Once you’ve downloaded the file navigate to it using your file browser.
Your folder will have different contents than those shown above but the main file should be the same. The classroom_withBears_Enhanced.blend file should have that orange icon next to it. If it doesn’t you probably skipped the downloading Blender part.
Double click the classroom_withBears_Enhanced.blend file.
The window you open should look like the picture above.
Ok, don’t freak out. You don’t need to know about all the buttons and numbers on the side panel. They’re for another day.
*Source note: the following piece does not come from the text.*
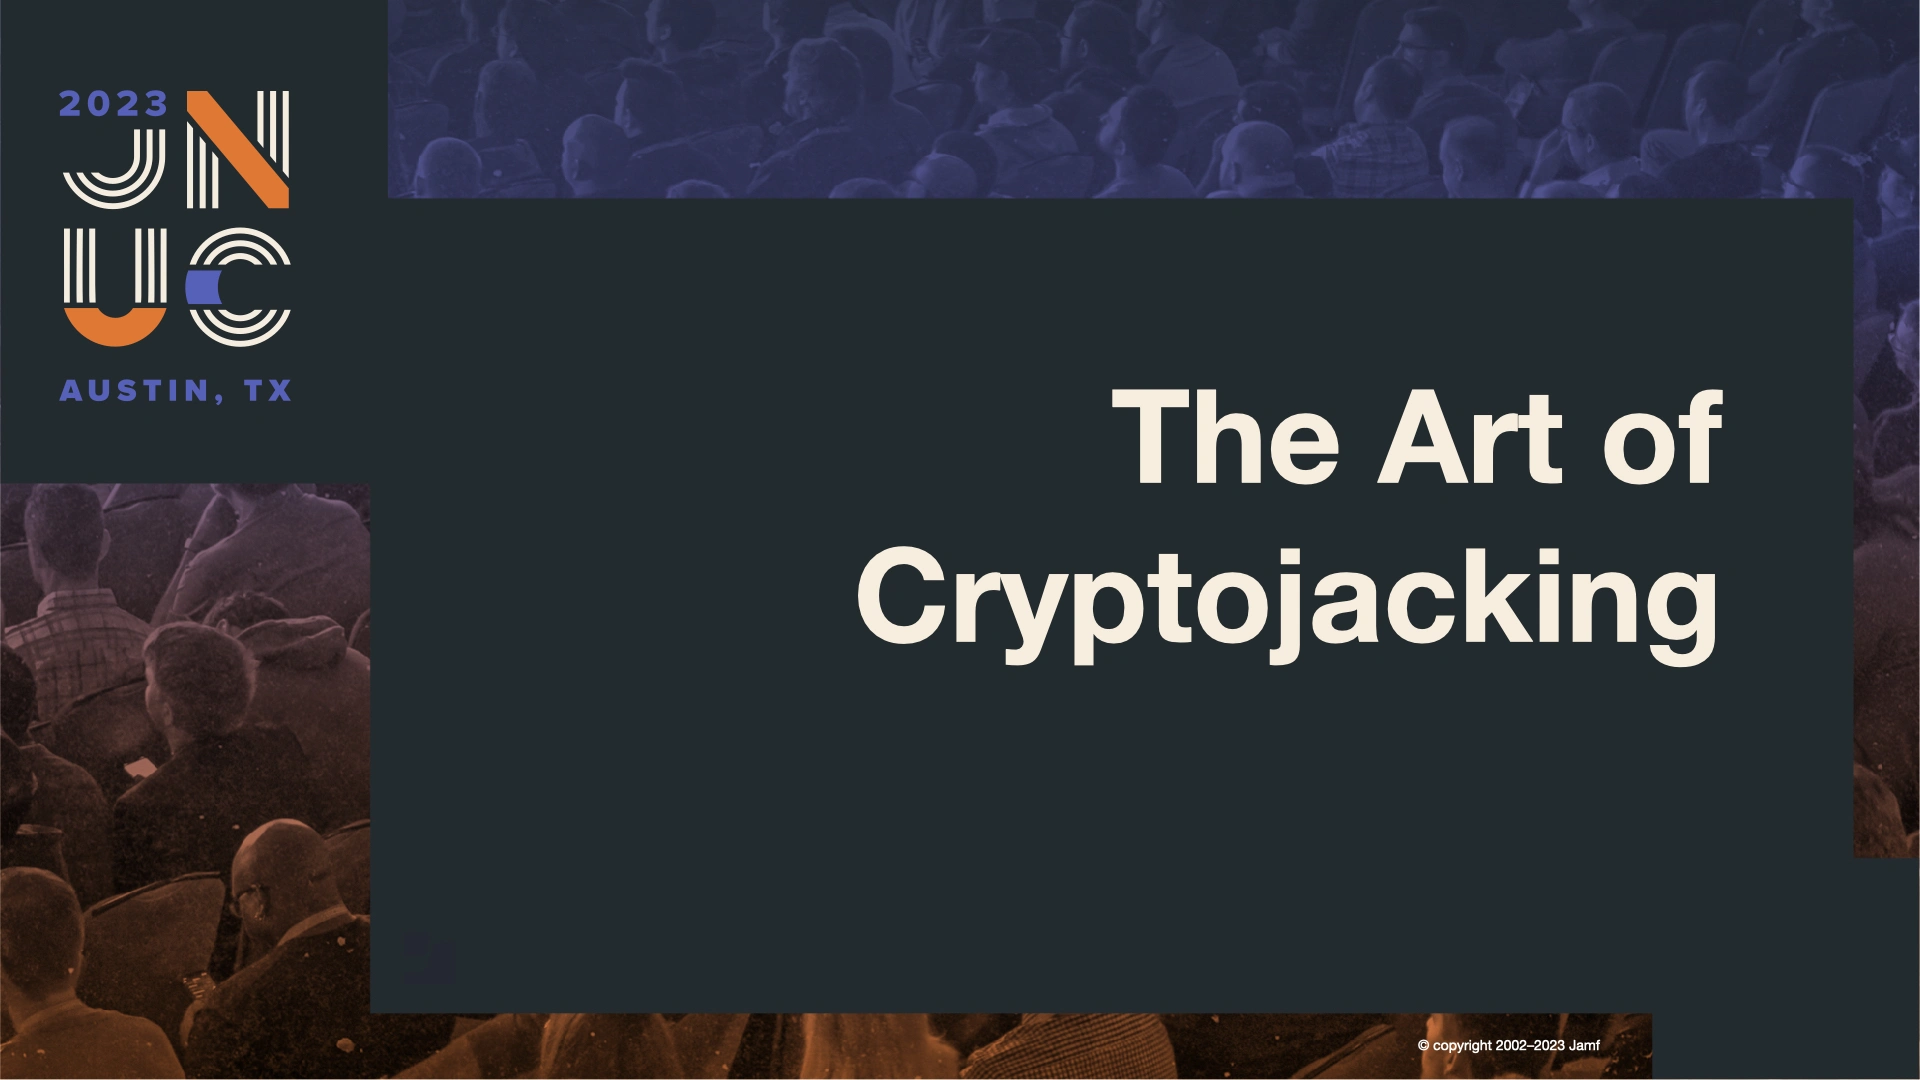 The Art of Cryptojacking
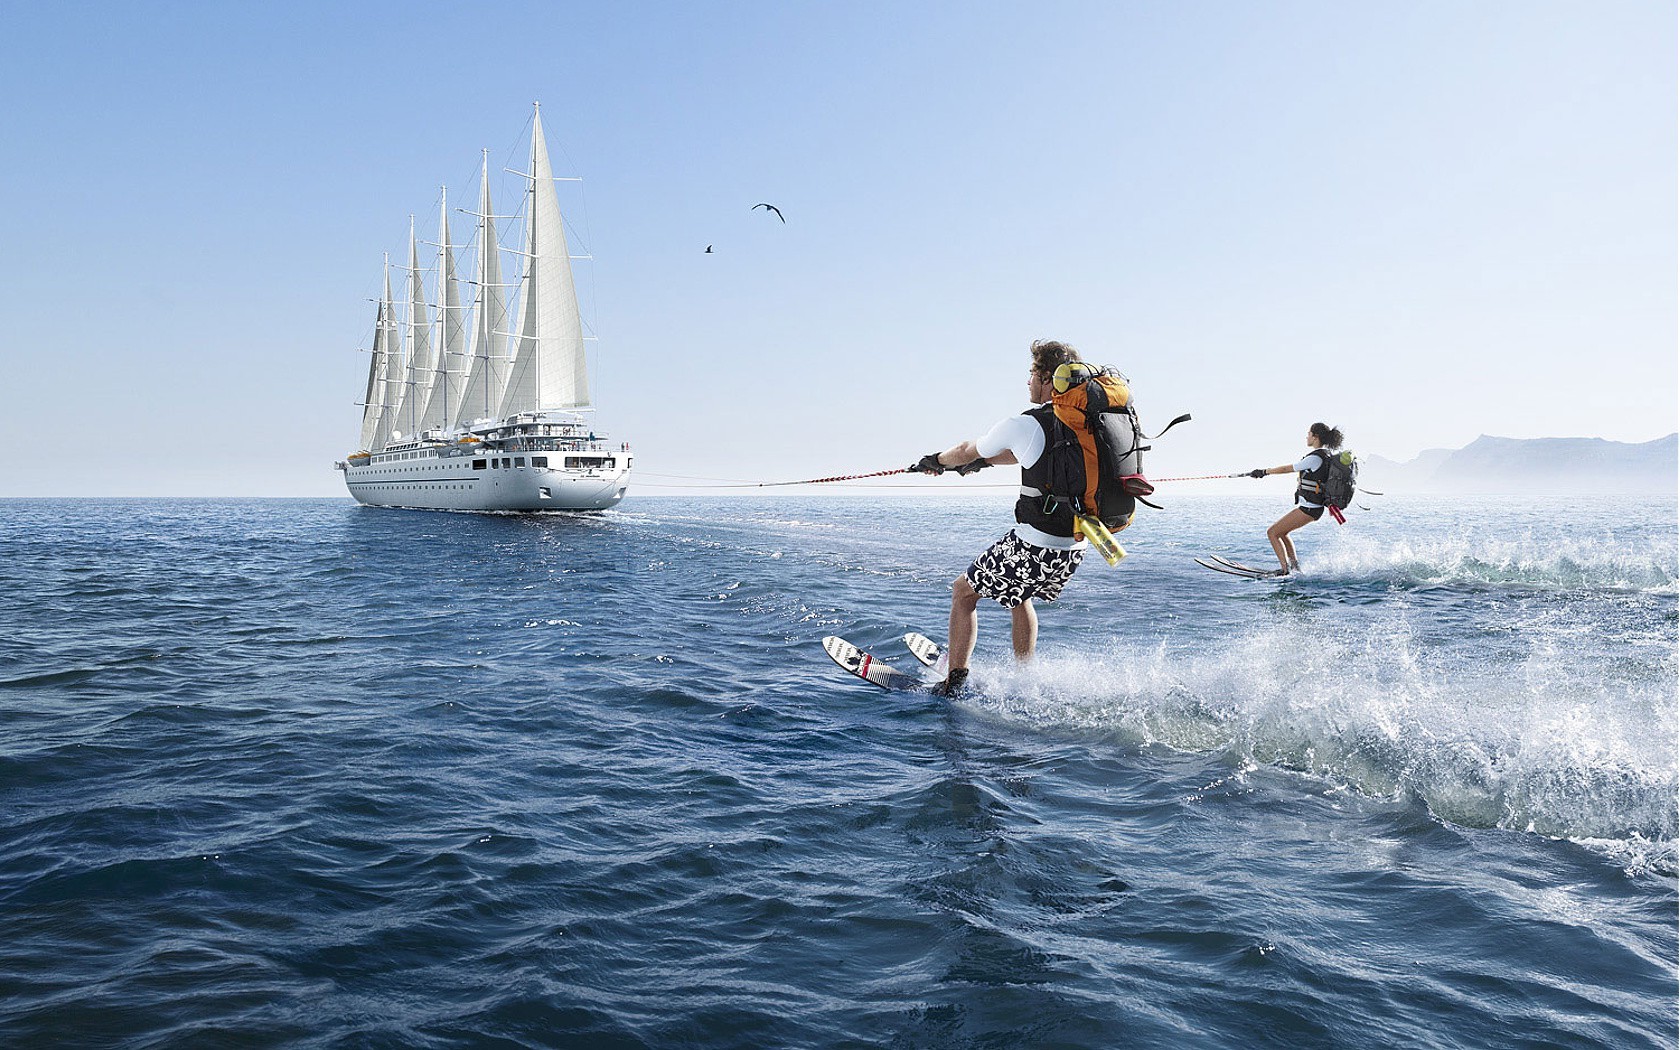 sports-digital-art-boat-sailing-ship-sea-humor-vehicle-wind-windsurfing-sailing-water-ski-wave-sail-boating-1680x1050-px-wind-wave-extreme-sport-water-sport-windsports-sailboat-racing-588449.jpg

You should think of virtual modeling as having your own private movie set, where you’re the director and producer. Just like a movie set the scene is shot through a camera.
The rectangle that has the top of the desk in it represents looking through your camera. Everything inside the rectangle is what your camera will shoot. Everything outside of it will not be in the final shot.
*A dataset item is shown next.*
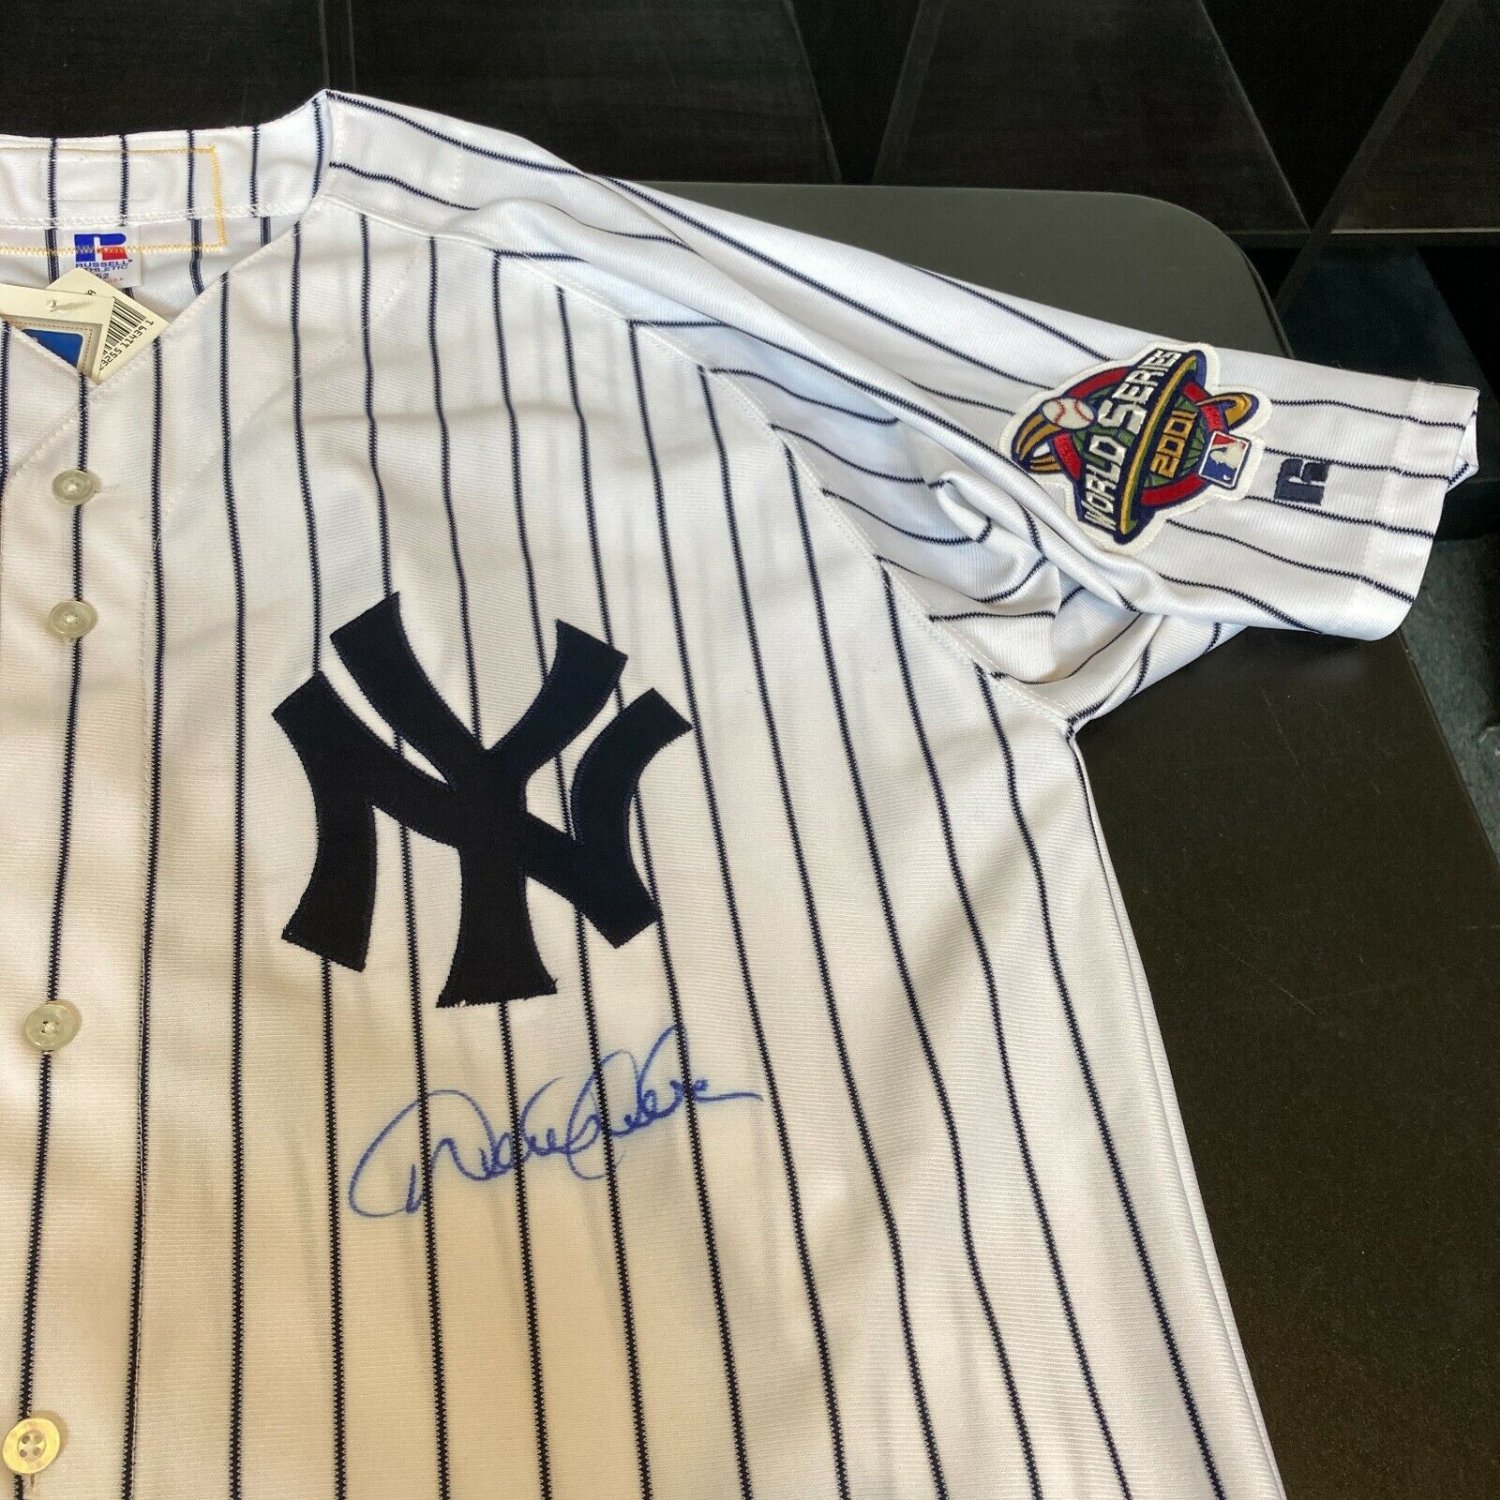 Derek Jeter Autographed Signed 2001 World Series New York

Let’s change the message on the desk to say something different. One weird thing about Blender is that you select things using the right mouse button instead of the left. With that in mind, we want to select the text. You’ll know it’s selected when there is an orange outline around it, like in the picture above.
When I created this file, I saved it with the text selected so you may not need to do this step. Now that the text is selected, hit the Tab key.
There should now be a cursor at the end of the text as is shown in the picture above. Hit the backspace until all of the text is deleted.
You can still see the little blue cursor. It’s hiding just above the cups handle. Now you can type anything you like. Since this picture is a teacher’s desk, let’s write something teacher related.
“Don’t forget about Parent Teacher Conferences this Month!”
You could send this picture with an email, put it on your website, and/or use it for FaceBook and Twitter.
You can begin to type when you see the blue cursor. Blender won’t text wrap for you, so you’ll need to hit return when you want to go to the next line.
If you don’t hit return you’ll end up with something like the above. This is easily fixed. Just use the back arrow to put returns wherever you would like.
That’s pretty much all you have to do. Now let’s shoot the picture. The correct word for this is render.
Make sure the little camera button above the word WindowScene is pressed. You’ll know it’s pressed because the area around the camera icon will be blue. Now click the button that says Render.
Depending on your computer this part may take a while. If it’s taking a long time, you may be able to do other work on your computer while you wait, but if your computer is slow this might be a good time to take a break and do something else.
Rendering complicated scenes like those done for Frozen the movie could take a single computer upwards of 30hrs. I know, wow. Don’t worry, for us it should be between 3 and 5min.
Now all you need to do is save the picture so you can use it in the future. Go to the bottom left side of the window and click image. You can then select save as image.
Here is where you can save your render (picture). The easiest way to do this is to make note of where Blender already wants to save your image (top center blue circle) or use one of the pre-loaded locations on the left side-bar. On my computer I could use desktop because that’s what’s listed. The default file format is PNG, but if you’d like something different, you can go to the bottom of the left sidebar and select the format that best suits you. JPG might be slightly more versatile than PNG if you’re not sure. when your done you can click Save as Image (right most blue circle).
I’m guessing it took you more than 5 min to read and go through this tutorial, but from now on you can use this graphic to say whatever you want.
This tutorial was designed to introduce you to enhanced graphics and CG. Future enhanced graphics files will be much easier for you to use because you made through this tutorial.
Also, remember that everything you saw with writing in the picture at the beginning of the post is editable. If you’d like a short tutorial on how to change any aspect, the camera angle, the picture dimensions or even the scene itself, leave me a comment and I’ll gladly do one.